Title: Ramsey numbers of sparse digraphs
In 1934, Rédei proved that every tournament contains a Hamiltonian path.
Equivalently, if P_n denotes a directed path on n vertices, then every
tournament on n vertices contains a copy of P_n.
Which other n-vertex digraphs must appear in any tournament on O(n)
vertices? Formally, the Ramsey number r(H) of a digraph H is defined as the
minimum N such that every N-vertex tournament contains a copy of H. This is
only well-defined for digraphs with no directed cycle, and the basic
question is which conditions on the n-vertex acyclic digraph H ensure that
r(H) = O(n).
If H has many edges, then a random construction shows that r(H) will be
substantially larger than linear in n. In the analogous undirected setting,
this turns out to be the only obstruction: a famous result of Lee, proving a
conjecture of Burr and Erdős, says that any sparse undirected graph has
Ramsey number that is linear in n.
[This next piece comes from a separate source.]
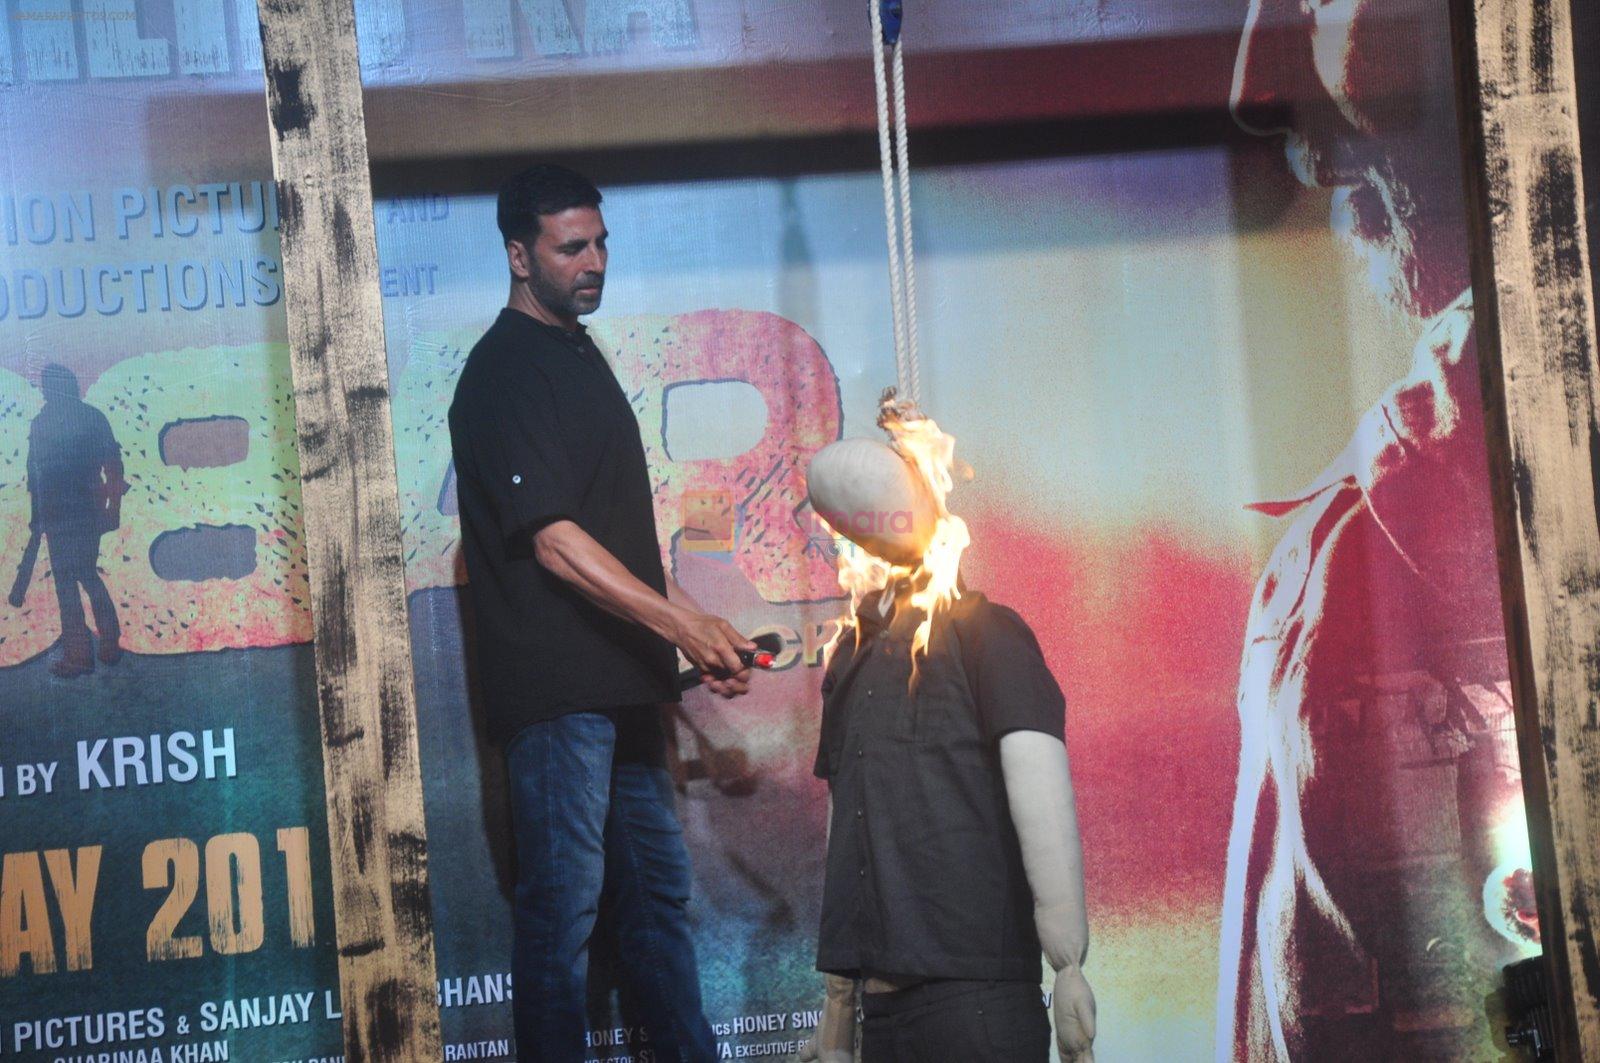 Akshay Kumar at the launch of trailer of Gabbar Is Back in Mumbai on 23rd March 2015

Surprisingly, this is emphatically not
the case for digraphs: we construct, for any C > 1, a bounded-degree
n-vertex digraph H with r(H) > n^C. In the other direction, we prove linear
and nearly-linear upper bounds for several natural families of
bounded-degree digraphs, including random digraphs, digraphs of bounded
height, and digraphs of "low multiscale complexity".
Joint work with Jacob Fox and Xiaoyu He.